AtmiRNET: a web-based resource for reconstructing regulatory networks of Arabidopsis microRNAs

Abstract

Compared with animal microRNAs (miRNAs), our limited knowledge of how miRNAs involve in significant biological processes in plants is still unclear. AtmiRNET is a novel resource geared toward plant scientists for reconstructing regulatory networks of Arabidopsis miRNAs. By means of highlighted miRNA studies in target recognition, functional enrichment of target genes, promoter identification and detection of cis- and trans-elements, AtmiRNET allows users to explore mechanisms of transcriptional regulation and miRNA functions in Arabidopsis thaliana, which are rarely investigated so far. High-throughput next-generation sequencing datasets from transcriptional start sites (TSSs)-relevant experiments as well as five core promoter elements were collected to establish the support vector machine-based prediction model for Arabidopsis miRNA TSSs. Then, high-confidence transcription factors participate in transcriptional regulation of Arabidopsis miRNAs are provided based on statistical approach. Furthermore, both experimentally verified and putative miRNA-target interactions, whose validity was supported by the correlations between the expression levels of miRNAs and their targets, are elucidated for functional enrichment analysis.
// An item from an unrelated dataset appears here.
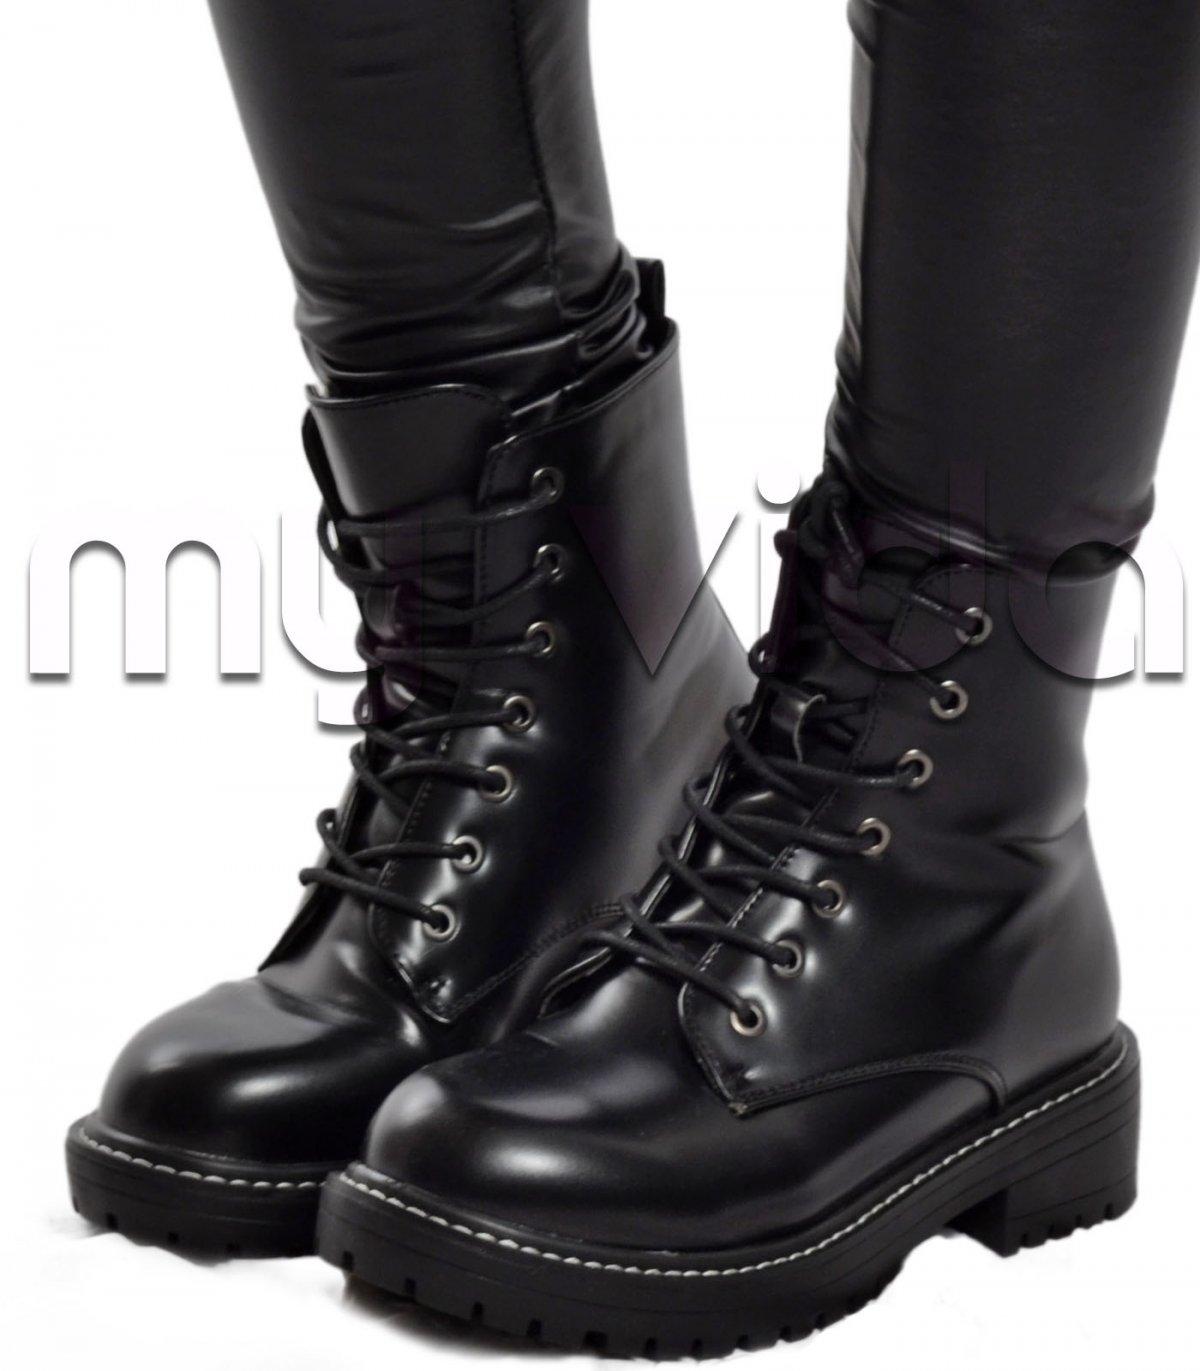 finest selection 89c74 da7d1 Scarpe donna stivaletti anfibi biker boots   My Vida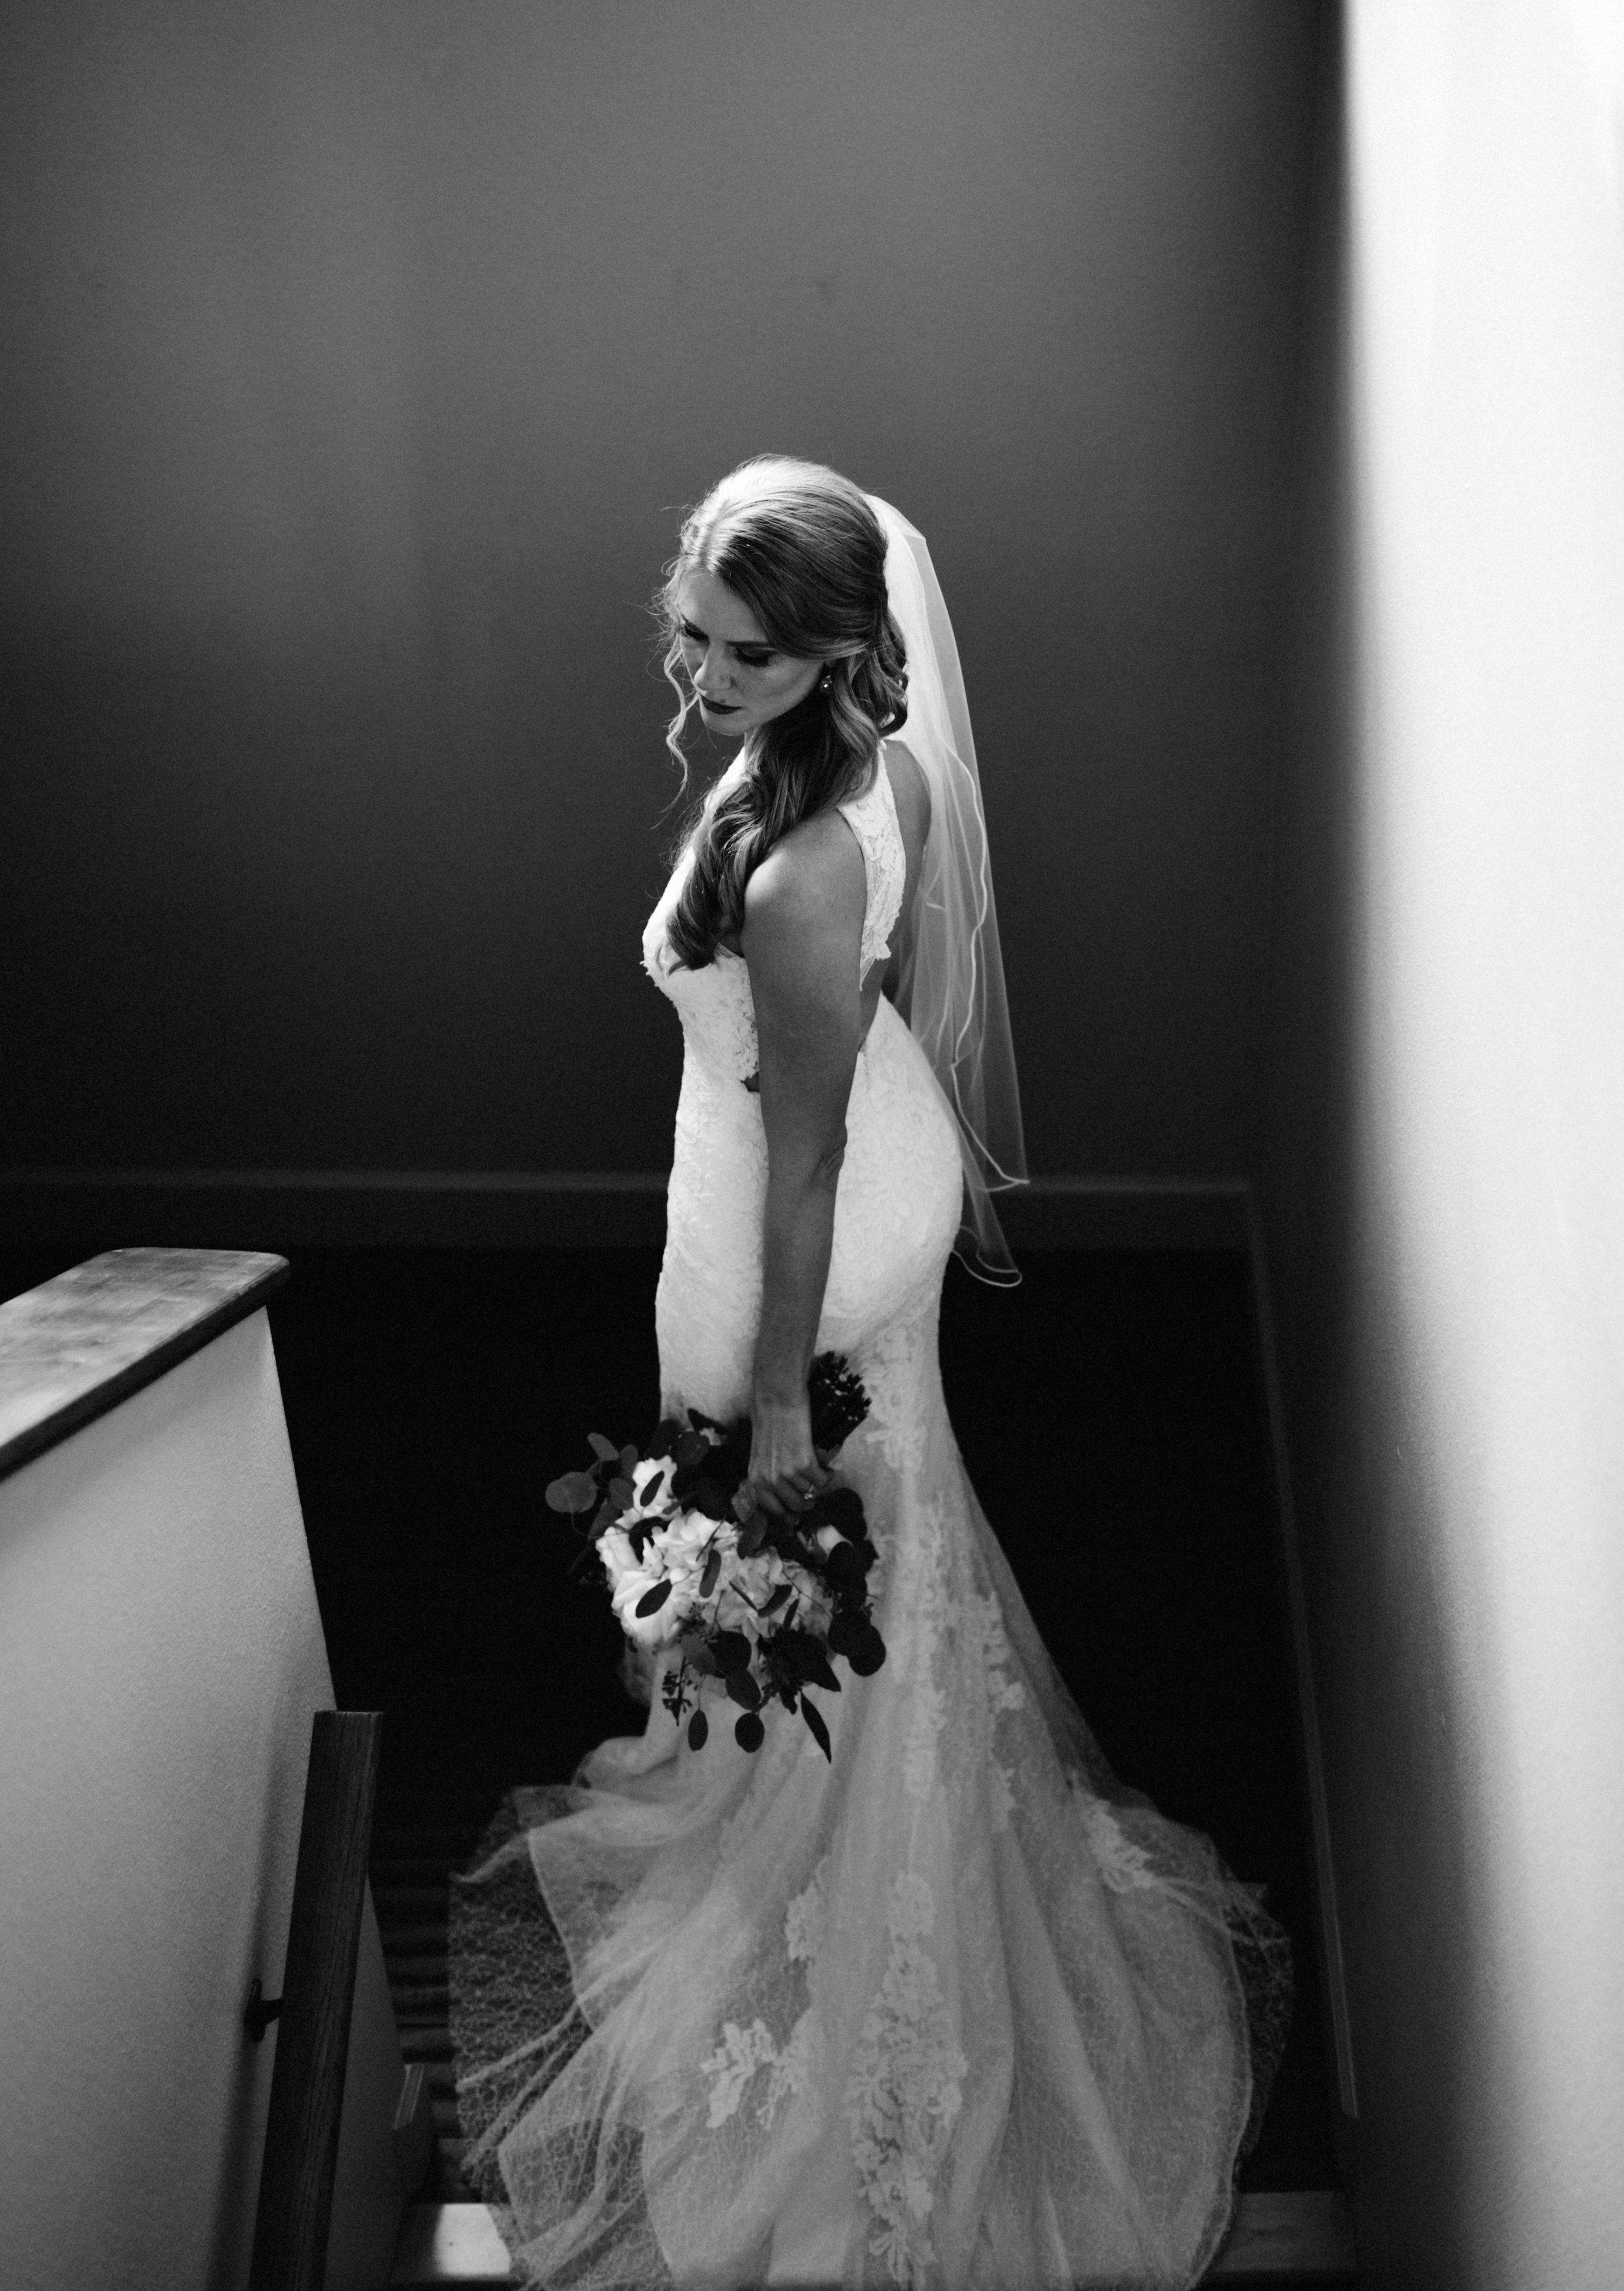 Wedding Day | Vanessa Boy | vanessaboy.com-441.com .jpg

The inferred regulatory networks give users an intuitive insight into the pivotal roles of Arabidopsis miRNAs through the crosstalk between miRNA transcriptional regulation (upstream) and miRNA-mediate (downstream) gene circuits. The valuable information that is visually oriented in AtmiRNET recruits the scant understanding of plant miRNAs and will be useful (e.g. ABA-miR167c-auxin signaling pathway) for further research. Database URL: http://AtmiRNET.itps.ncku.edu.tw/

Figure 1.

The concept of AtmiRNET. AtmiRNET summarizes the means of up-to-date miRNA research focusing on target recognition, functional enrichment of targets, promoter identification, detection of cis- and trans- elements to infer regulatory networks of Arabidopsis miRNAs, which are effective to augment the understanding of miRNA functions and transcriptional regulation.

Figure 2.

TSS tags, histone modification of H3K9ac and H3K4me3, and core promoter motifs (Y patch, CA, Inr, GA and REG) are enriched around experimentally verified TSSs, whereas nucleosome H3 are declined. The vertical and horizontal axis represent the accumulative number of each feature (X 1000 ) and genomic location (from −5 to +5 kb relative to experimentally verified TSSs, window size = 200 bp) representatively.

Figure 3.

The workflow of TSS prediction model for Arabidopsis.

Figure 4.

Identification of ath-miR5630b TSS. Distribution of TSS-relevant evidence (including 4 high-throughput sequencing datasets and 5 core promoter motifs) is displayed in the 10 kb upstream of the ath-miR5630b precursor. The orange line and the pink rectangles represent the initiation of expressed sequence tags (ESTs) and conservation blocks, respectively. On the other hand, the red line denotes the representative TSS for ath-miR5630b (Rank 1), and the blue lines denote other TSS candidates of ath-miR5630b.

Figure 5.

The demonstration of search result for detecting cis- and trans- elements of ath-miR167c.

Figure 6.

Reconstruction of miR167c regulatory network.

Figure 7.

An inferred regulatory relation revolves around ath-miR167c. ABA-induced ABI5 and Myb-15 regulate miR167c, and miR167c targets ARF6 and ARF8.